1. Focusing on Key Features: Given that the Chance of Admit is mostly dependent on features like CGPA, GRE Score, TOEFL Score, and SOP-LOR, it's important to focus the analysis on these key features. These features should be prioritized during feature selection and model building.

2. Emphasize CGPA: Since CGPA is identified as the most influential factor in determining the Chance of Admit, special attention should be given to this feature during model building and analysis.

3. Considering Research and University Ratings: Although Research and University ratings may not contribute significantly to the Chance of Admit individually, they still play a role in certain cases. It's important to consider them as additional factors in the analysis, especially for students with high university ratings and research experience.

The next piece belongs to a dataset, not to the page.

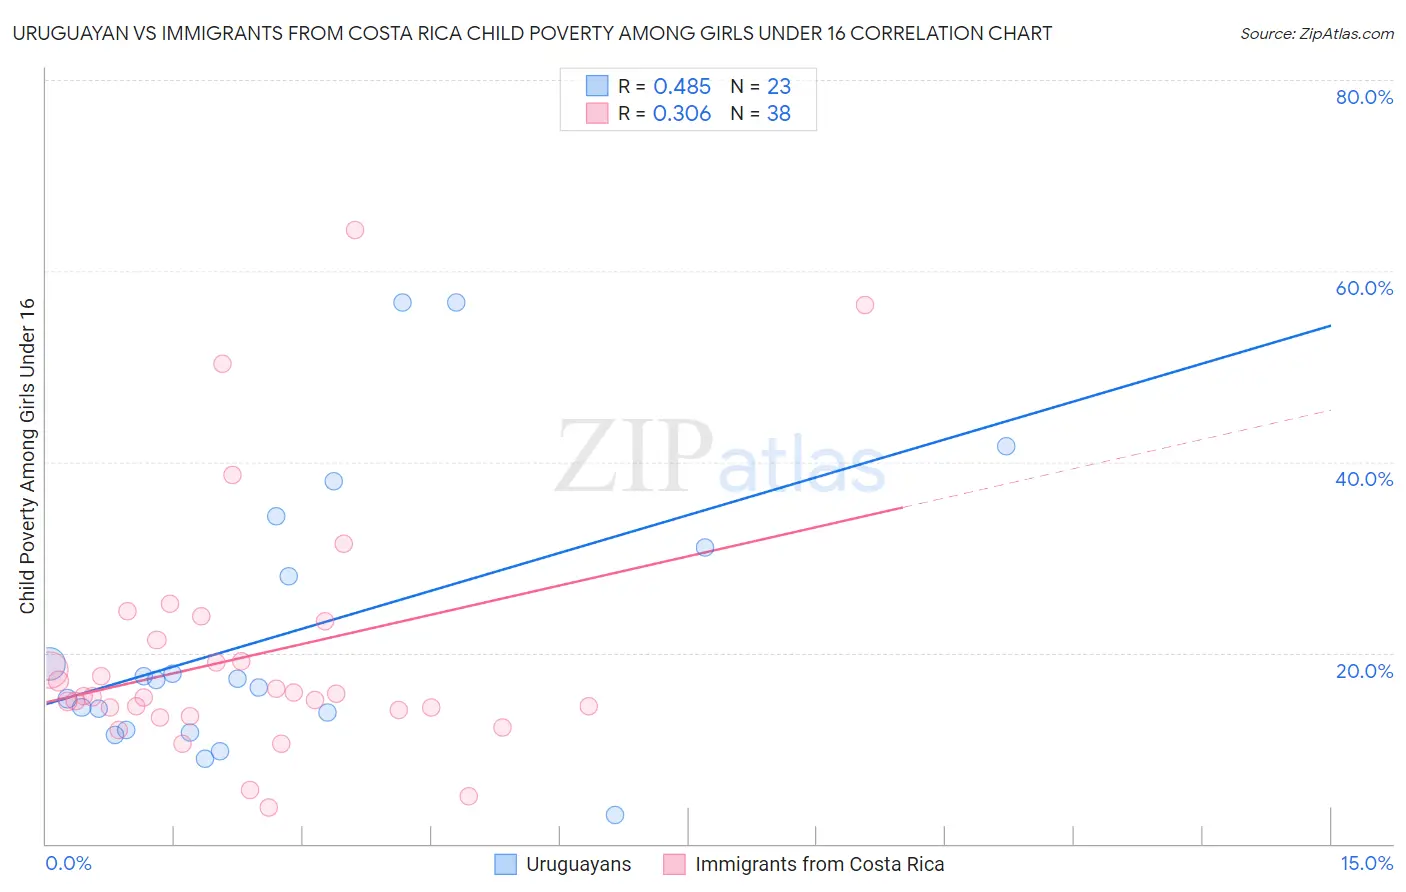 Uruguayan vs Immigrants from Costa Rica Child Poverty Among Girls Under 16

4. Exploring Feature Interactions: Investigating potential interactions between features, especially for students with high Chance of Admit. It may be beneficial to examine how different combinations of features contribute to the overall likelihood of admission.

5. Segmentation Analysis: Conducting segmentation analysis to identify groups of students with similar characteristics and Chance of Admit. This can help tailoring admission strategies and identifying specific target groups for recruitment efforts.

6. Ensure Model Robustness: Since the Ridge and Lasso models produced almost similar scores, it's essential to ensure the robustness of the models and validate their performance on independent datasets.

7. Continuous Monitoring and Improvement: Continuously monitoring the model performance by updating the model with new data and refining the feature selection process can help maintain its effectiveness over time.